There's a two volume American edition of 1975, edited by Ruth Lloyd Miller, which of course has added material - including a good piece by a Captain Ward, pointing out that there was war with Spain at the time and that as a result there was widespread poverty, famine, and high food prices. The 'merrie England' stuff as in 'Shakespeare in Love' is fnatasy. Miller's volumes are lavishly produced with may monochrome and colour reproductions of portraits etc.

However; I do have something of a warning. De Vere put his own life story into his plays and sonnets. As you come to understand 'Shakespeare' it becomes clear that de Vere was an aristocrat obsessed by his own sidelining - he was a monstrous egotist. His work describes Elizabeth's court with unsparing accuracy, but beneath it all is an aristocratic world view with no room for the masses - unless they are amusing writer/actor types.

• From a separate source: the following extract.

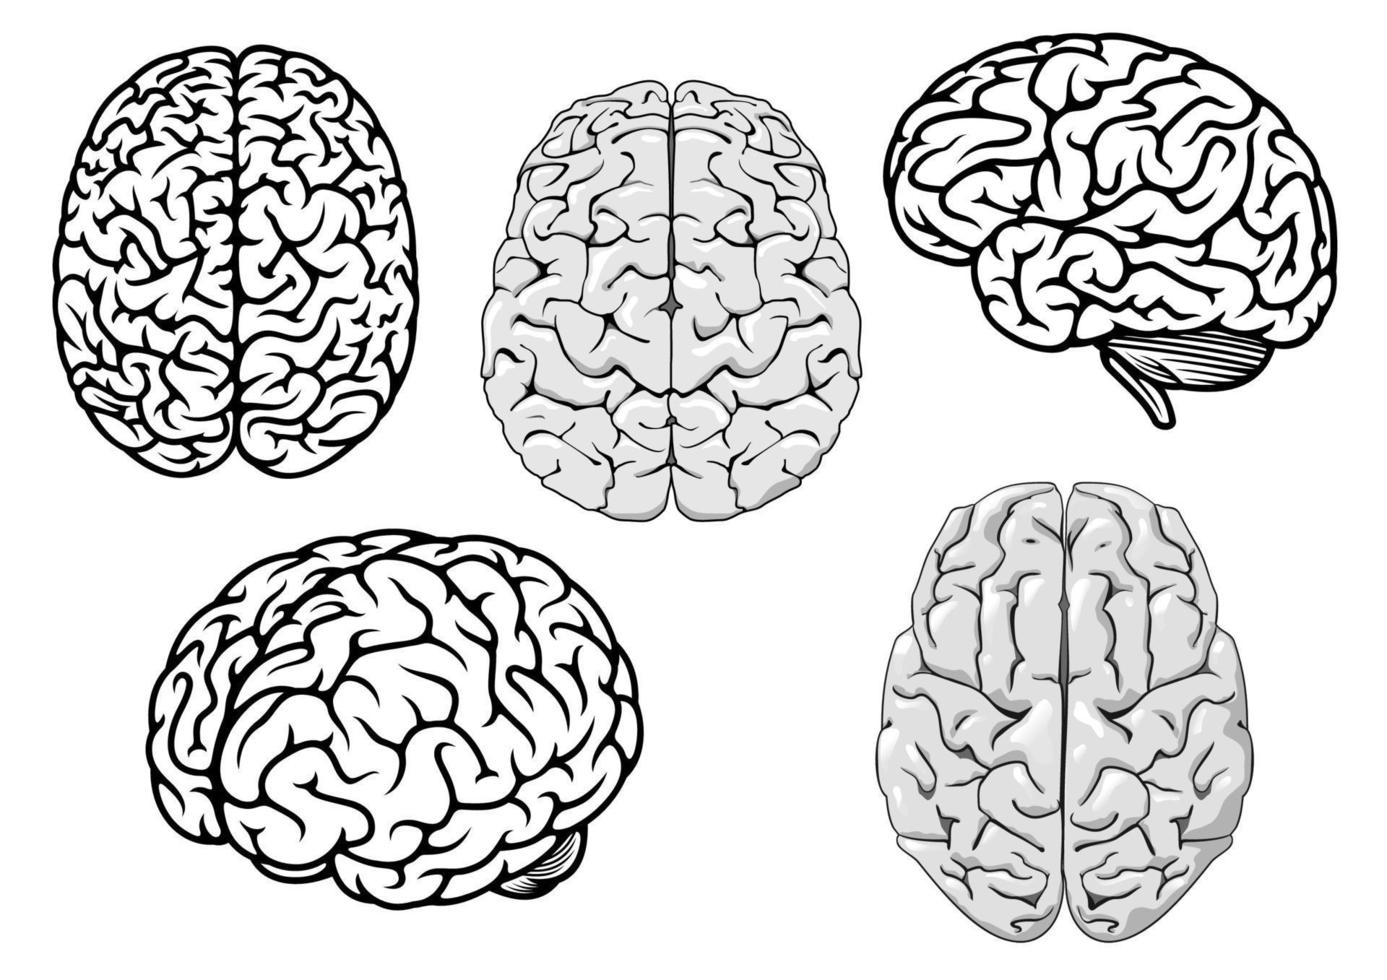 cerveaux humains de dessin animé noir et blanc vecteur

A further point: the 'Shakspere' mythology has been guarded by a ridiculous corps of professional careerists. To this date, this still applies, though possibly the USA is shedding this absurd skin more successfully that Britain. However, a similar pattern is appearing amongst the Oxfordians, who have their own ring of paid journals and publications and speakers. I tried to get a 50 minute speech by Burford/Beauclerk on Youtube, to help diffuse the message more widely. He didn't want it up there, possibly on copyright grounds, or because he considered it lacklustre, though in my view it was an excellent introductory overview. Most of the content was Looney, paraphased.

6 of 6 people found the following review helpful.
Seminal work - just too bad it's so poorly edited
By Russael
This is a must read book, but unfortunately this version is marred badly by typographical errors. In a book where close reading of poetry is so central to the argument, the many, many errors mean that it is impossible to follow the proof except in a general sense. I am frustrated. Over and over Google advertises it was they who destroyed this book. Really badly done.